# Log Cabin wall moulding



## logcabinheadache (Jan 14, 2009)

Am trying to come up with a way to make a pattern of the horizontal wall logs of my house, as they meet the drywall of the inside walls, so I can cut molding to coutour and block out light and noise from the next room. Have 9' ceilings, so pattern can be made in 2/3 sections, but can't think of anything that will mold then harden to be used as a pattern. Thanks for your help!


----------



## 12penny (Nov 21, 2008)

scribe and cut with jigsaw?


----------



## firehawkmph (Apr 26, 2008)

Log Cabin,
Could you post some pics? I have seen guys route a groove in the logs to accept the drywall. If your studwalls are up already this wouldn't work to easily. You get a good scribing tool and use a piece of 1/4" luan for your pattern. Tack a strip (3-4" wide) on the wall up against your logs, set your scriber up and trace the pattern onto the luan.
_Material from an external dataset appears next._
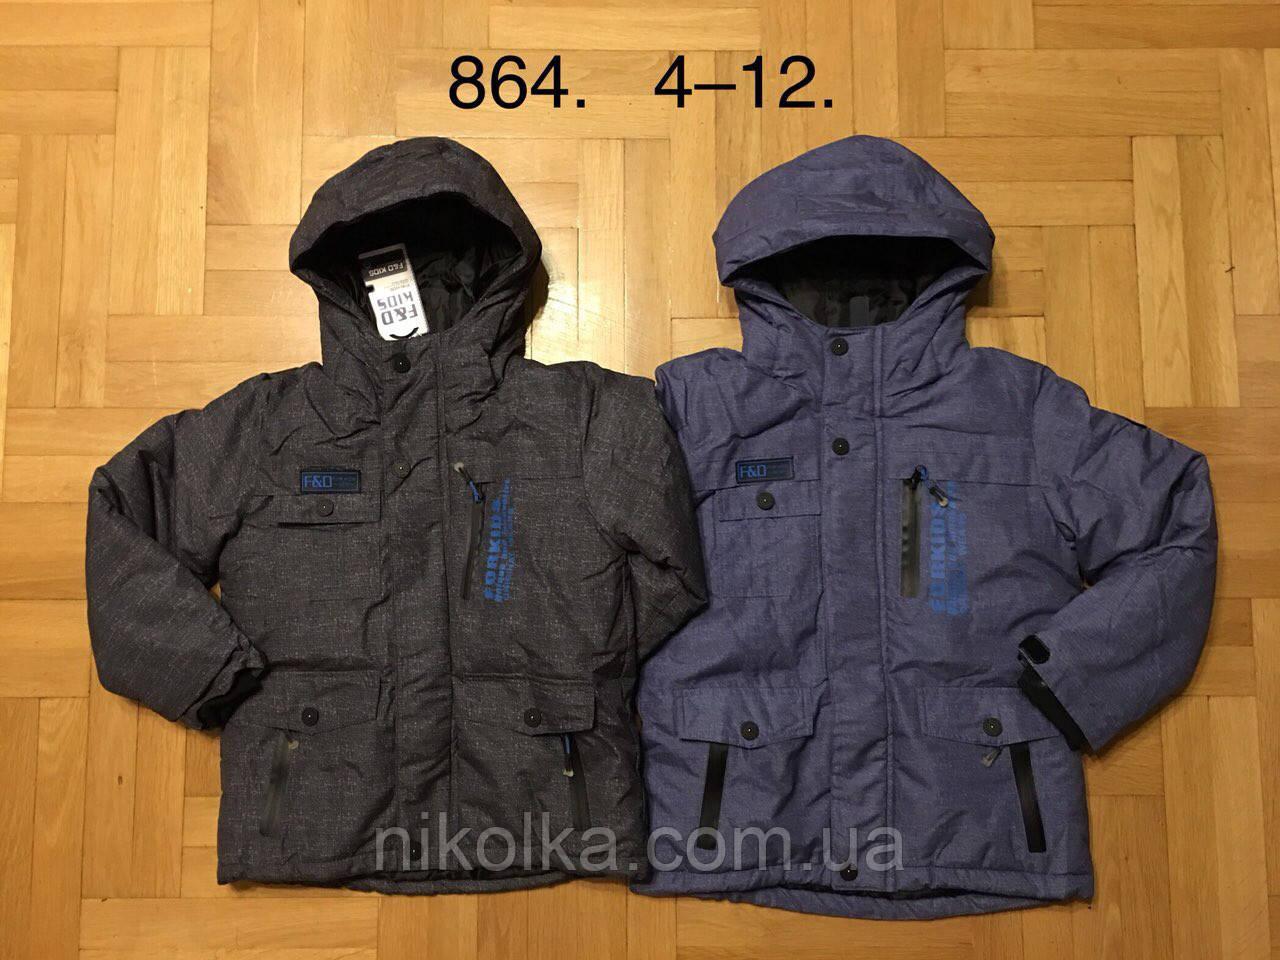 Куртки на флисе для мальчика оптом, F&D, 4-12 лет, арт. 864

Cut it out on the bandsaw and you would have a pattern to work with. 
Mike Hawkins


----------



## JoshuaHoffman (Nov 22, 2008)

Hi, True North Log Homes has a great book that includes many details that might help you. I don't work for them but have attended one of their workshops at a trade show and they are very knowledgable and consumer friendly [email protected]
Joshuastrees.net:thumbsup::thumbsup:


----------



## scribbles (Mar 2, 2009)

firehawkmph said:


> Log Cabin,
> Could you post some pics? I have seen guys route a groove in the logs to accept the drywall. If your studwalls are up already this wouldn't work to easily. You get a good scribing tool and use a piece of 1/4" luan for your pattern. Tack a strip (3-4" wide) on the wall up against your logs, set your scriber up and trace the pattern onto the luan. Cut it out on the bandsaw and you would have a pattern to work with.
> Mike Hawkins


 
This I would do, get a good pattern, and carve away. You can also use heavy cardboard; and just cut with a sharp razorblade. You can usually find for free if you look around. Time and patience.


----------



## lacKailey (Sep 28, 2009)

If you are looking for quality custom log homes in the U.S, Canada or Europe, you should consider Brian Moore Log Homes. They build incredible houses.


----------



## woodnthings (Jan 24, 2009)

*Sell him a new log home?*

If you are looking for quality custom log homes in the U.S, Canada or Europe, you should consider Brian Moore Log Homes. They build incredible houses. 
__________________
He just wants to put a moulding up.....hmmmmm... maybe you are advertising here for free? :thumbdown: bill


----------